- **Task description**:
Exclude the pictures and transcribe the rest of the data below exactly.

- **Data excerpt**:
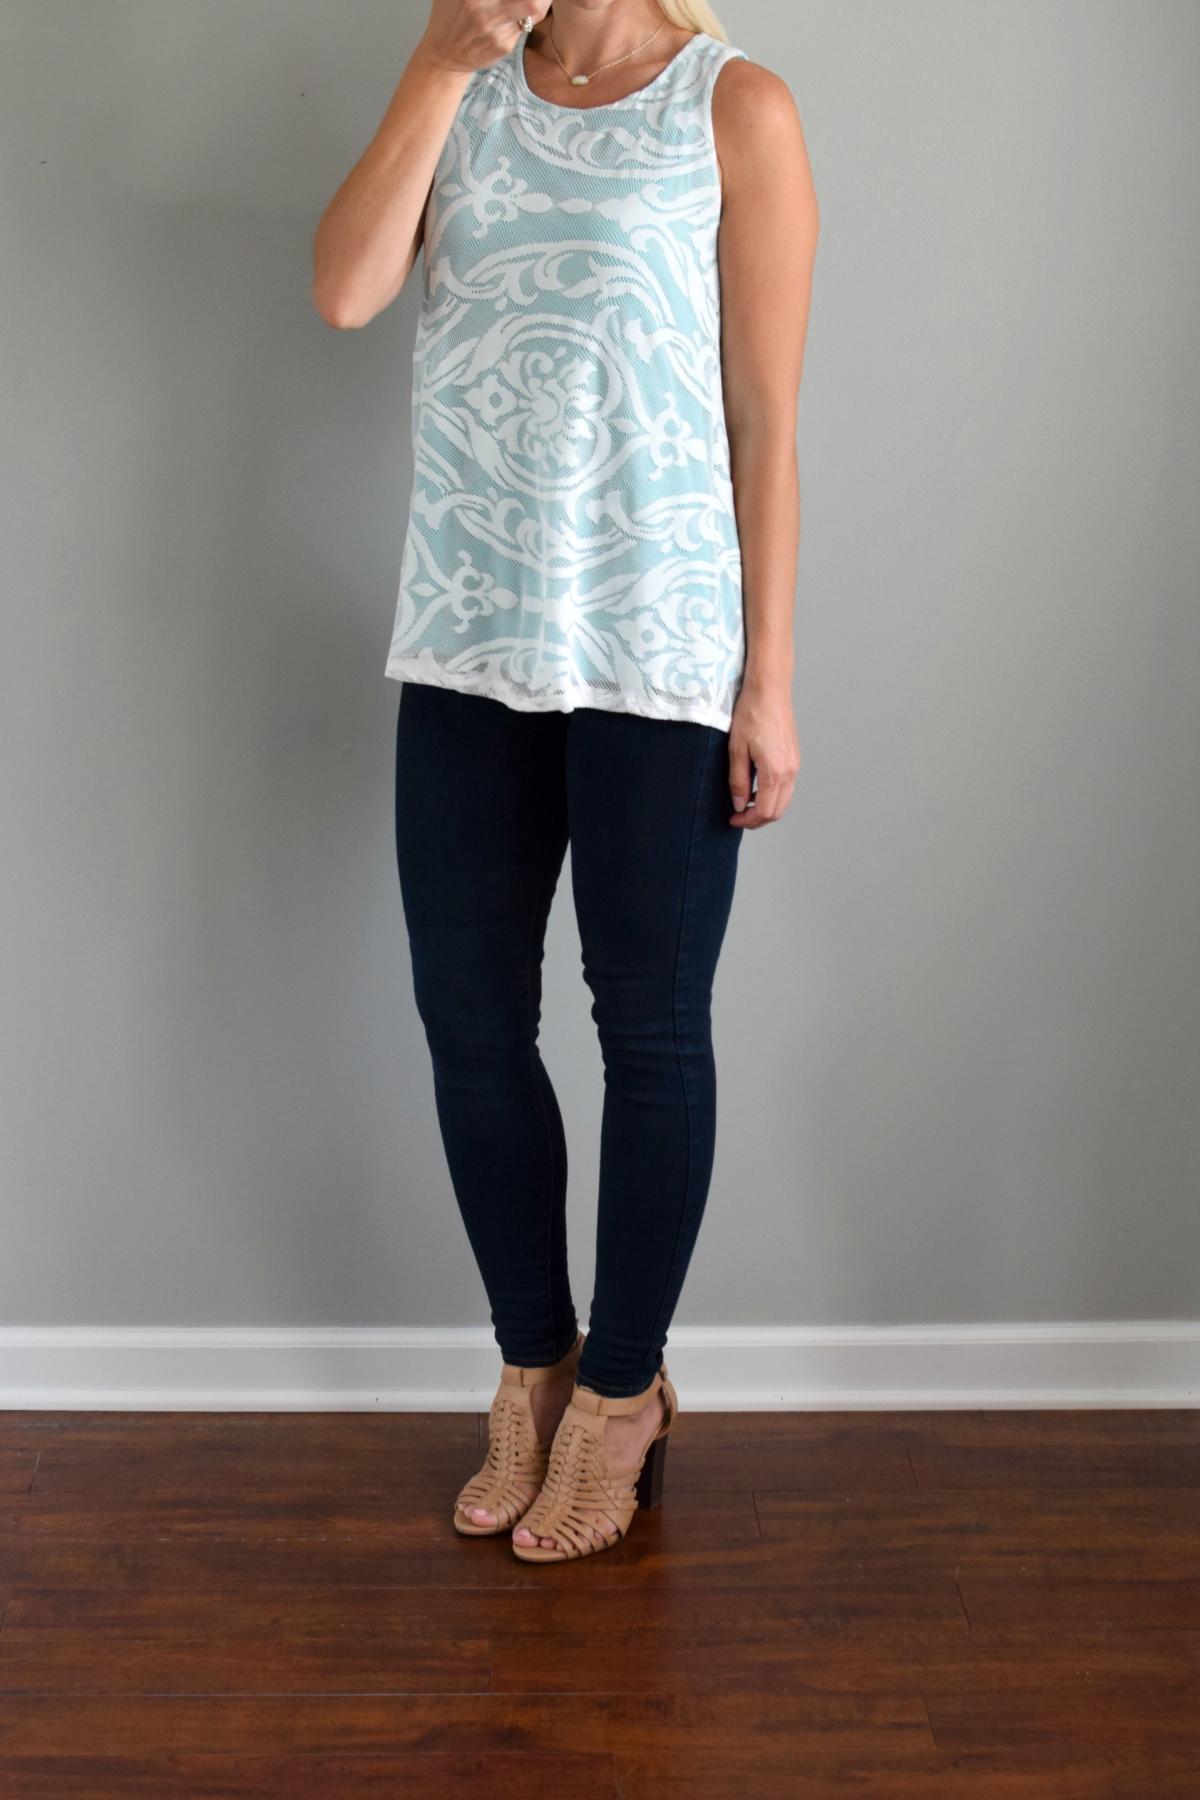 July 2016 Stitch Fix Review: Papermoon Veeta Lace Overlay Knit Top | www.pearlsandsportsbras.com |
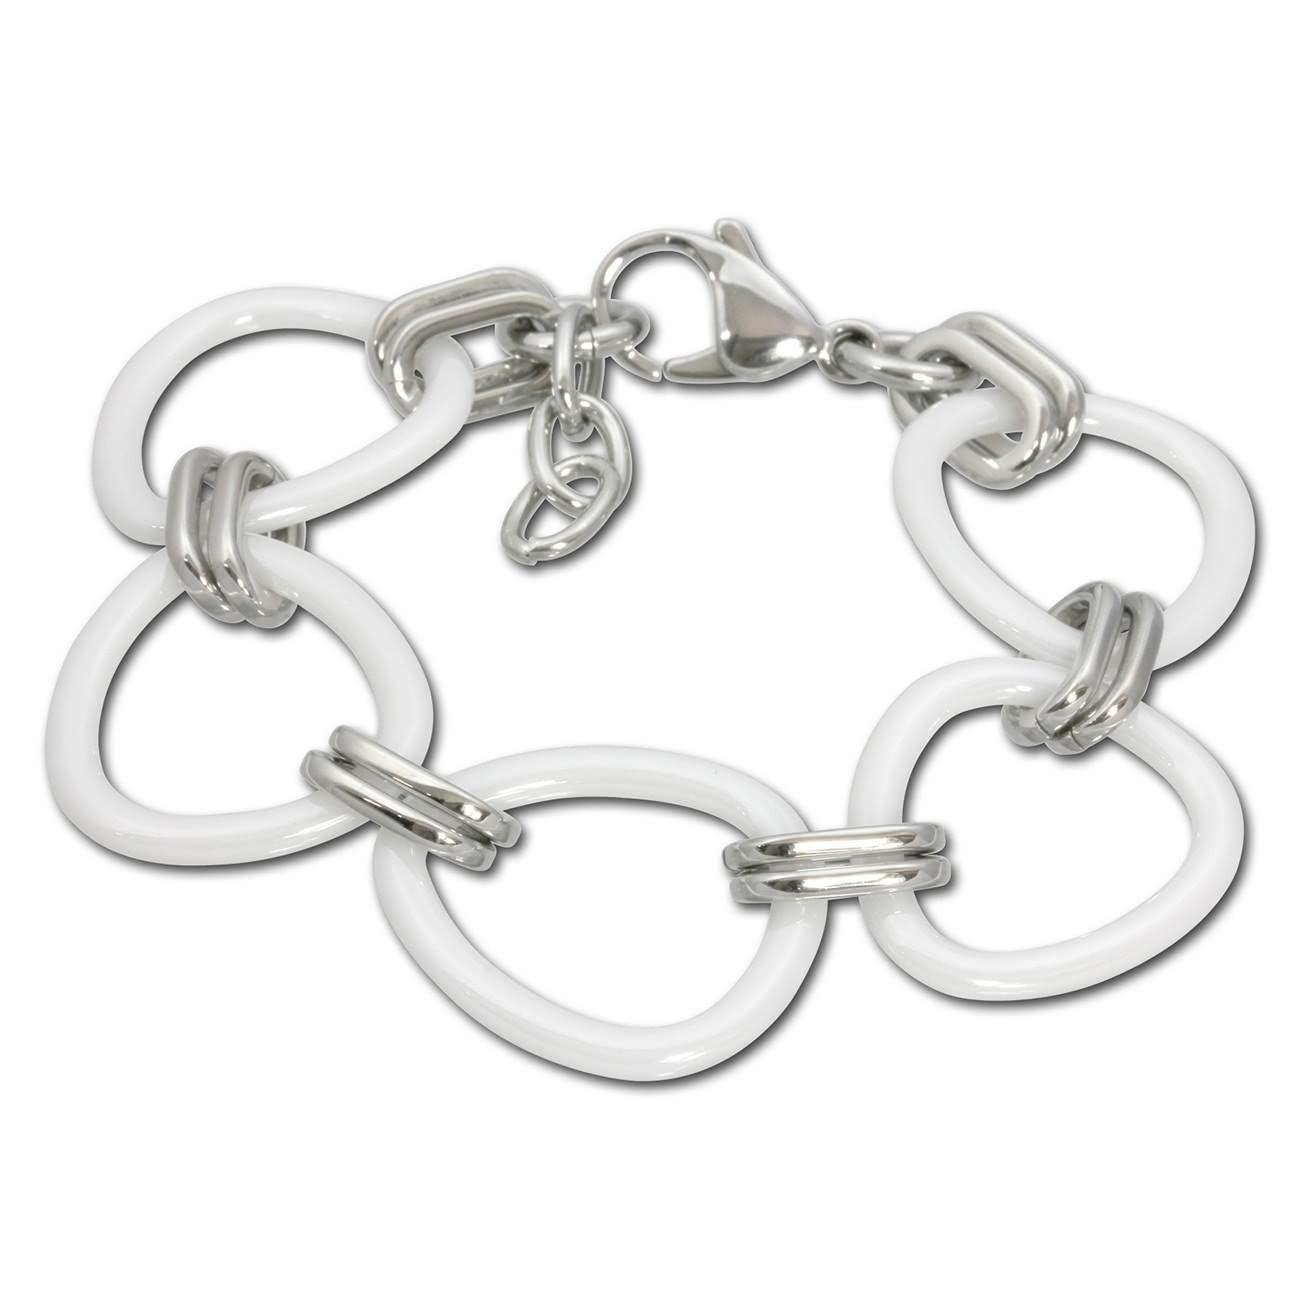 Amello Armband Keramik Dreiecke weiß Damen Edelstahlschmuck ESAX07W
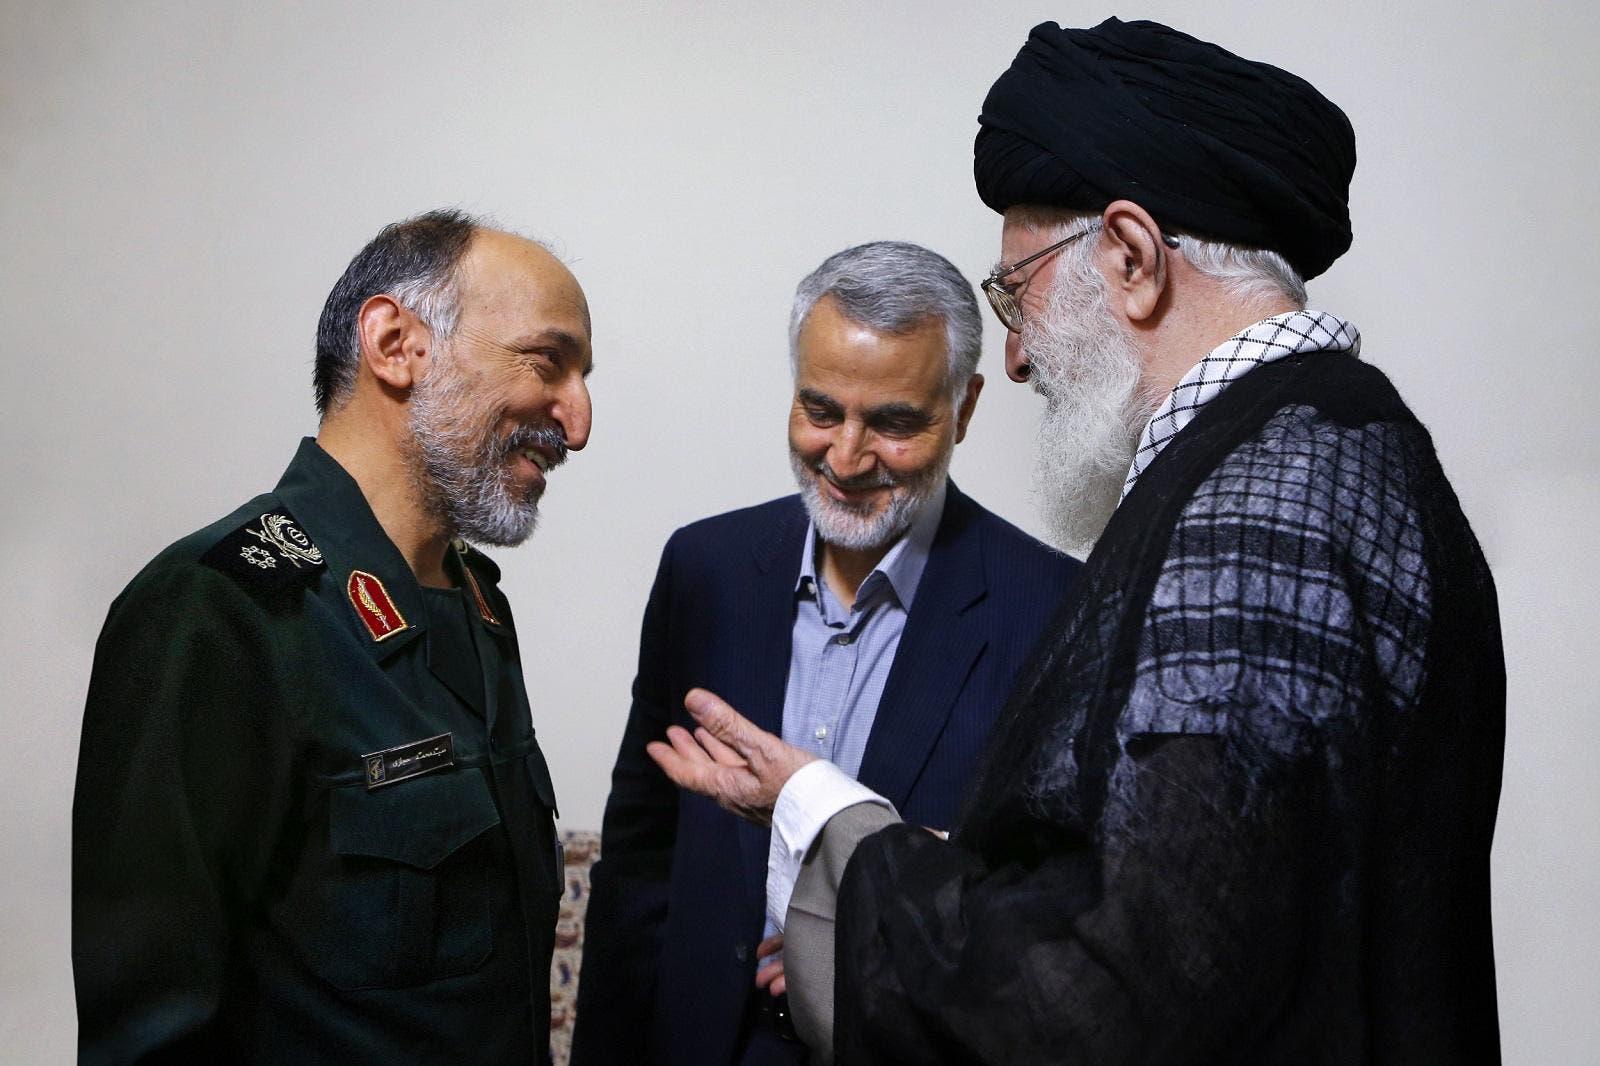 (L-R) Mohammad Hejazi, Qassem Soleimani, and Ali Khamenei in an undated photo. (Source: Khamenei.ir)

- **Written response**:
 July 2016 Stitch Fix Review: Papermoon Veeta Lace Overlay Knit Top | www.pearlsandsportsbras.com |
 Amello Armband Keramik Dreiecke weiß Damen Edelstahlschmuck ESAX07W
 (L-R) Mohammad Hejazi, Qassem Soleimani, and Ali Khamenei in an undated photo. (Source: Khamenei.ir)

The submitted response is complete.